THE DATA section start
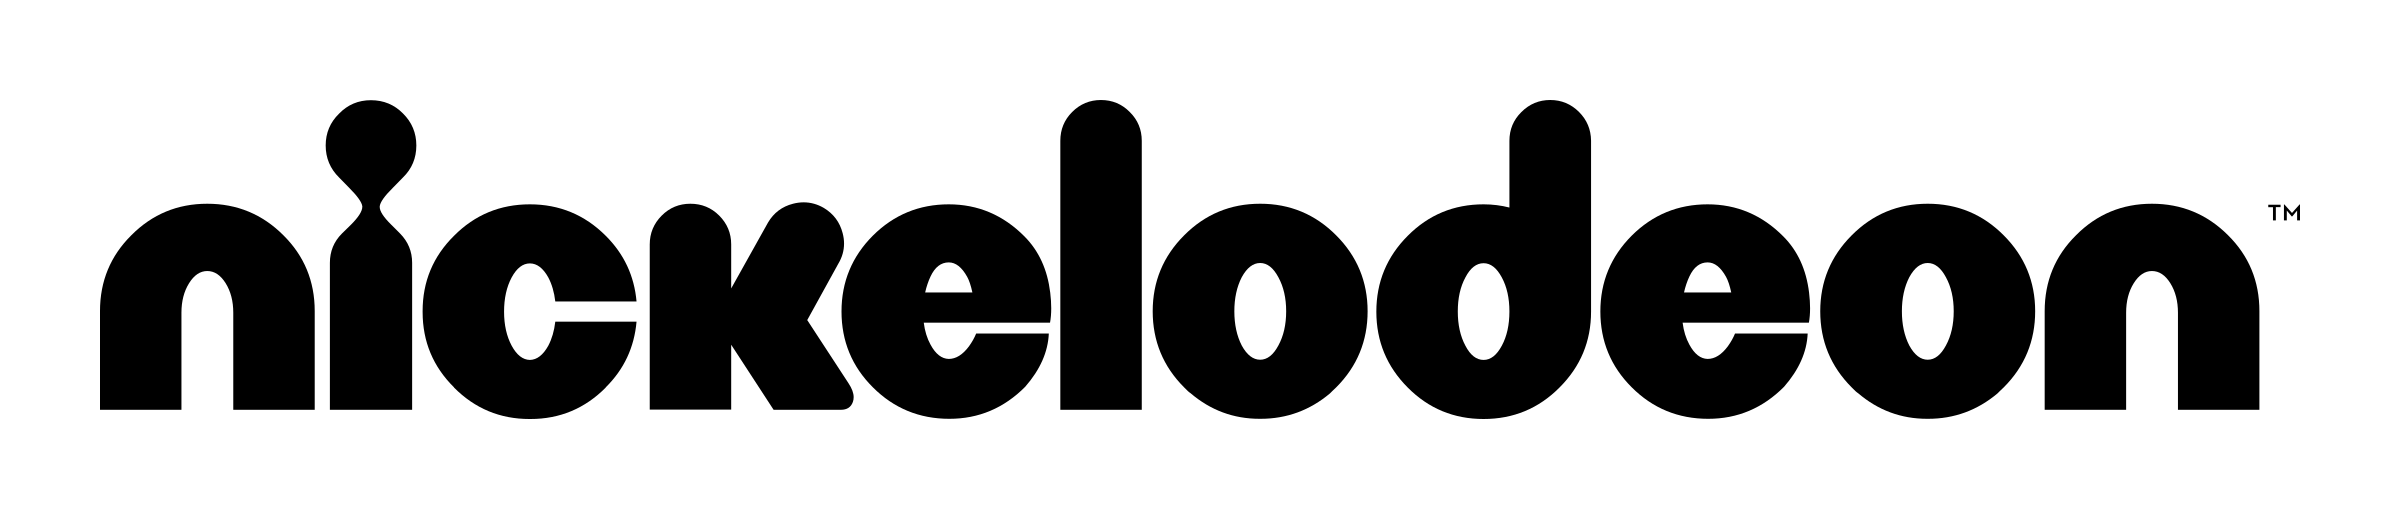 nickelodeon-logo-black-and-white.png
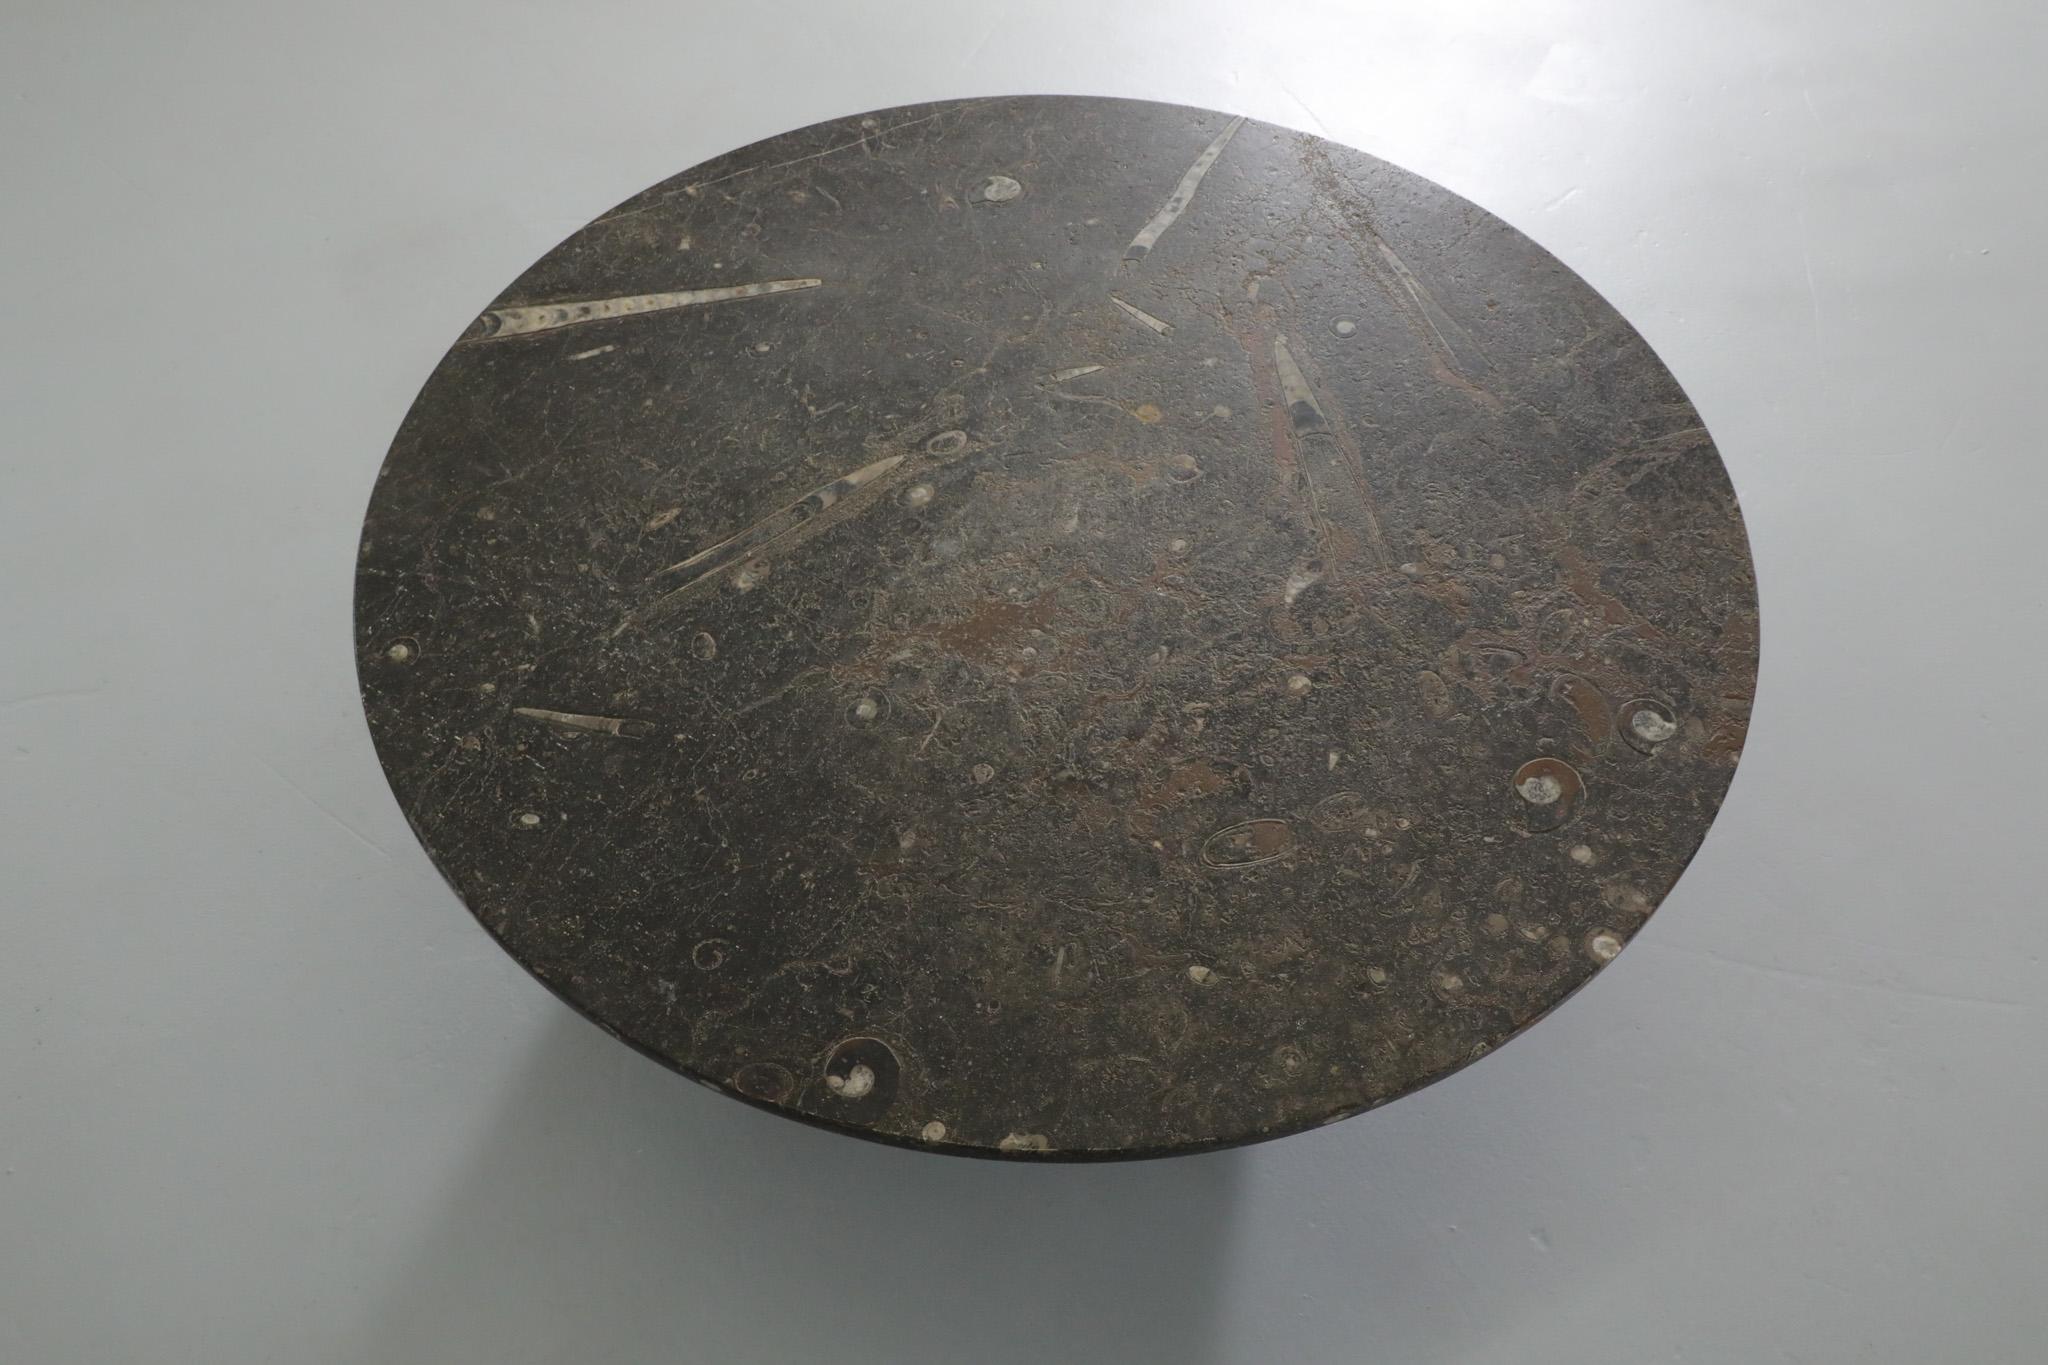 Metal Mid-Century Metaform Style Round Fossil Stone Coffee Table
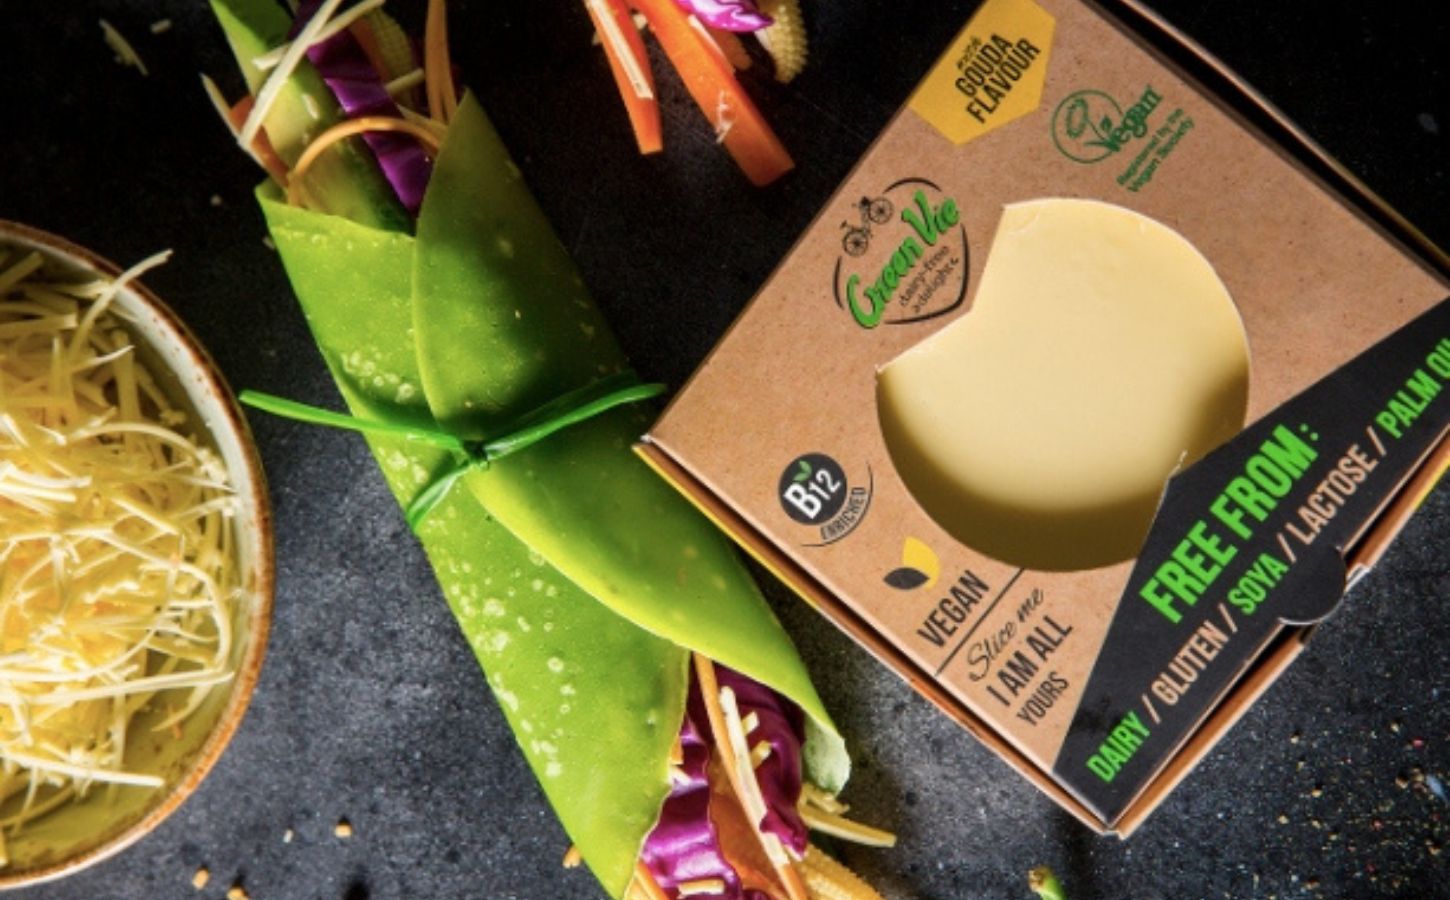 Vegan cheese from plant-based brand Green Vie
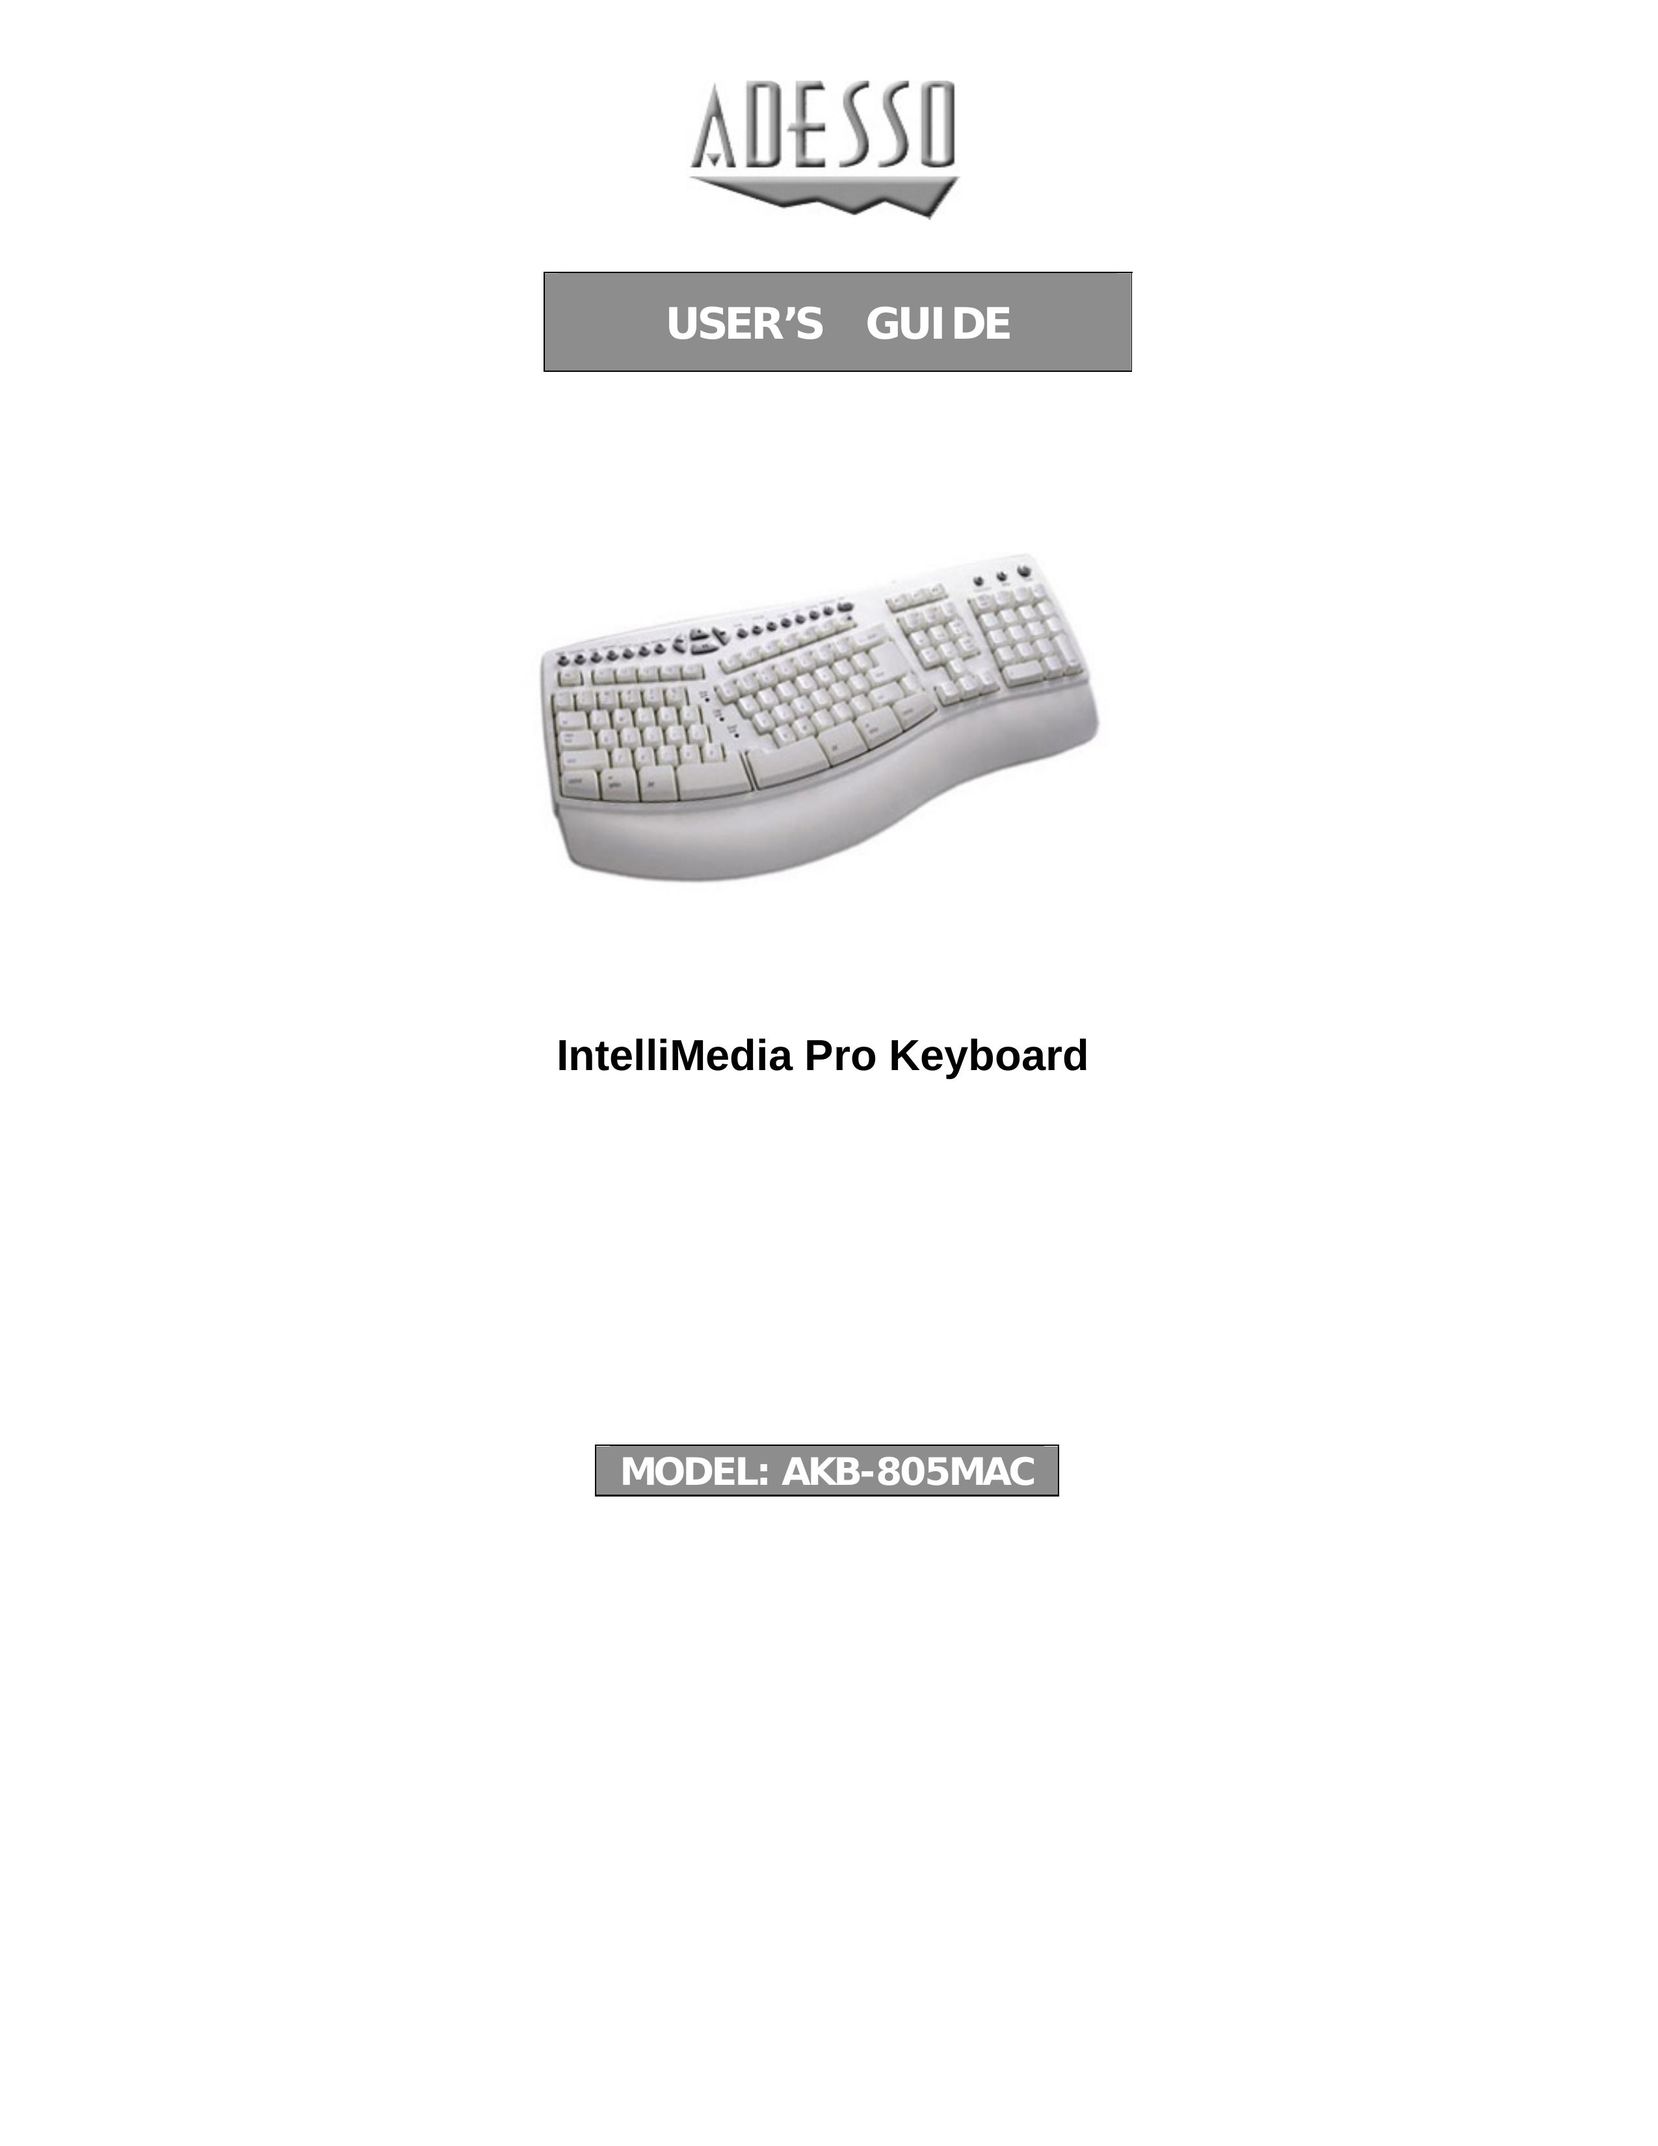 Adesso AKB-805MAC Mouse User Manual
THE DATA section end
EXERCISE: The response should reproduce all the material above exactly and leave out its pictures.

OUTPUT OF THE EXERCISE:
 nickelodeon-logo-black-and-white.png
 Metal Mid-Century Metaform Style Round Fossil Stone Coffee Table
 Vegan cheese from plant-based brand Green Vie
 Adesso AKB-805MAC Mouse User Manual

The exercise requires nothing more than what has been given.